Today was the second meeting of the Penguin Twitter Book Club. Just to recap for those who are unfamiliar: the Penguin Twitter Book Club is a new initiative born from the company’s search for new ways to interact with their fans. As with traditional book clubs, Penguin will choose a different book written by a Penguin author each month and tweet out the date and time for the discussion, which can be followed at the hashtag #readpenguin. The author will also sit in on the chat when possible.

The first selection is The Weird Sisters by Eleanor Brown. Again, for those who are unfamiliar, here’s a quick synopsis of the book from the lovely folks at Penguin:

Three sisters have returned to their childhood home, reuniting the eccentric Andreas family. Here, books are a passion (there is no problem a library card can’t solve) and TV is something other people watch. Their father-a professor of Shakespeare who speaks almost exclusively in verse-named them after the Bard’s heroines. It’s a lot to live up to.

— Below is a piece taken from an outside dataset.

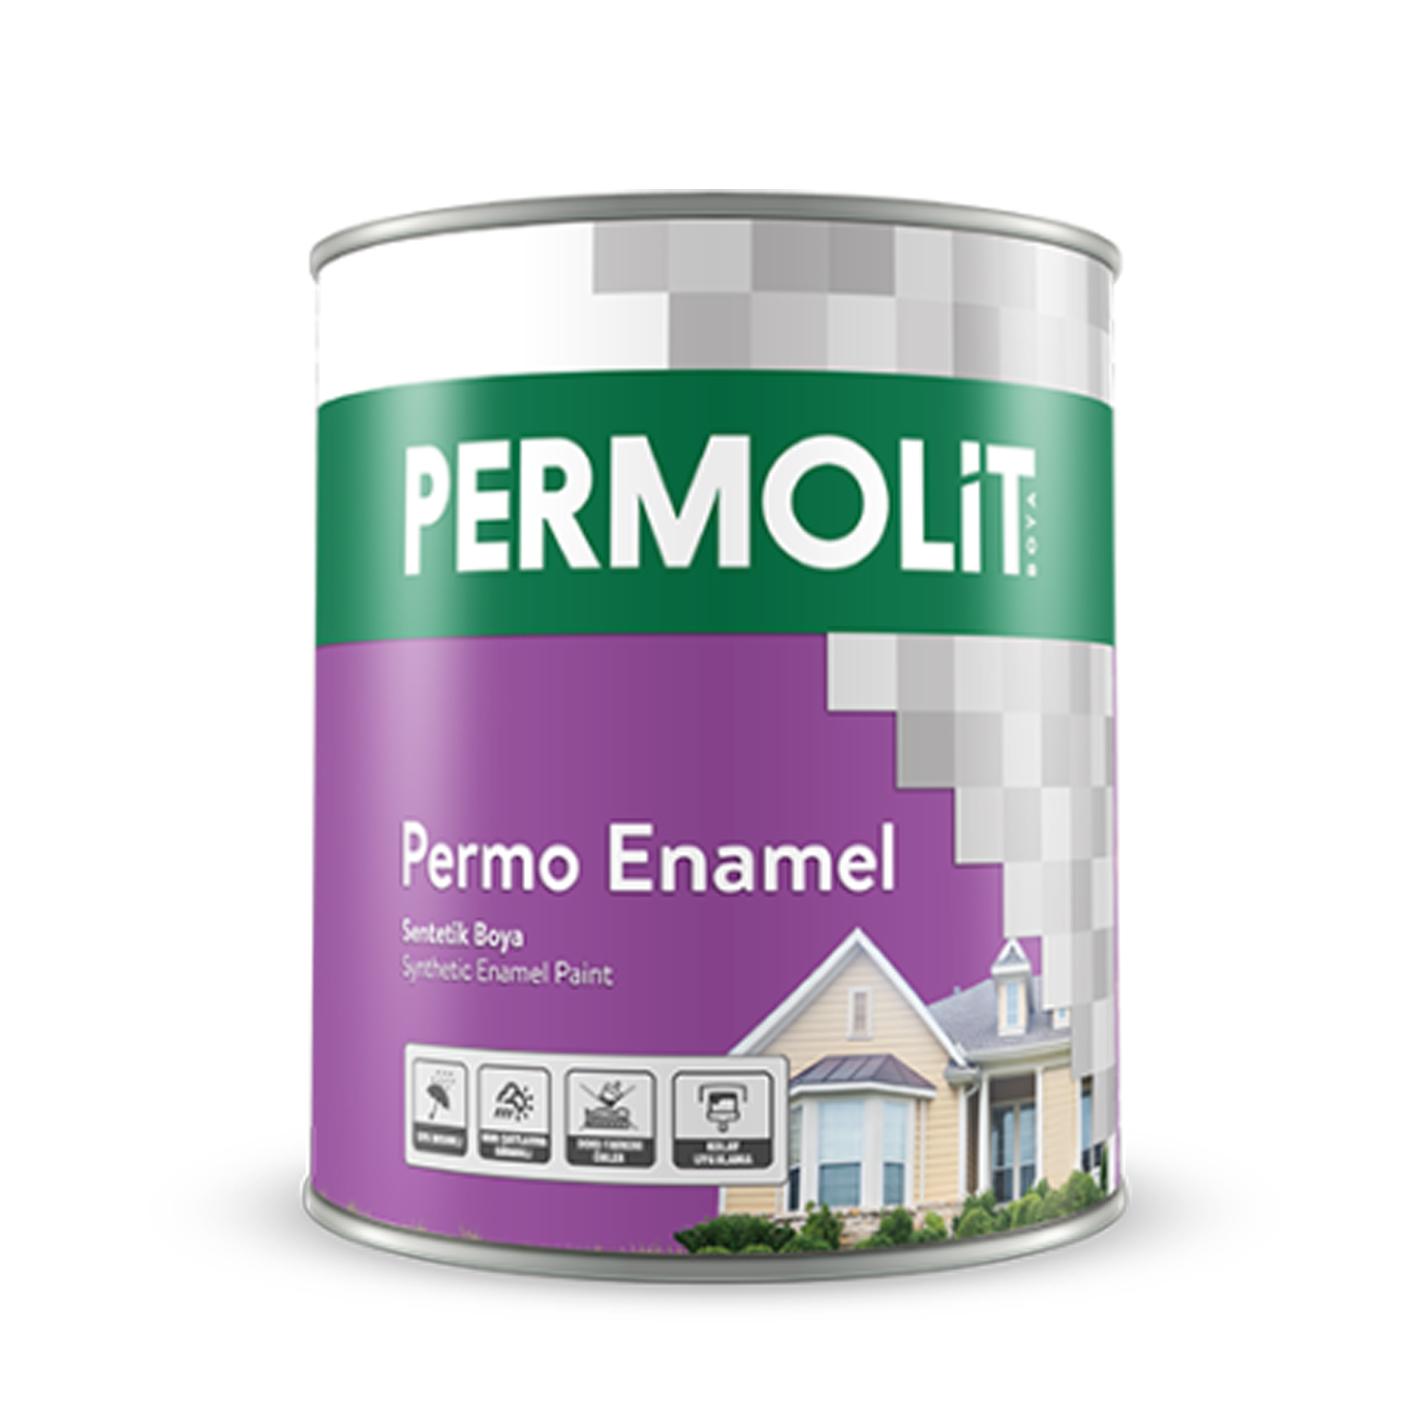 Permolit Permo Enamel Sentetik Siyah 0.75Lt

The sisters have a hard time communicating with their parents and their lovers, but especially with one another. What can the shy homebody eldest sister, the fast-living middle child, and the bohemian youngest sibling have in common? Only that none has found life to be what was expected; and now, faced with their parents’ frailty and their own personal disappointments, not even a book can solve what ails them…

I am a huge fan of this book and the author, and the discussion has been incredible so far! Today’s selection focused on chapters 5-11.

NOTE: MAJOR SPOILERS AHEAD!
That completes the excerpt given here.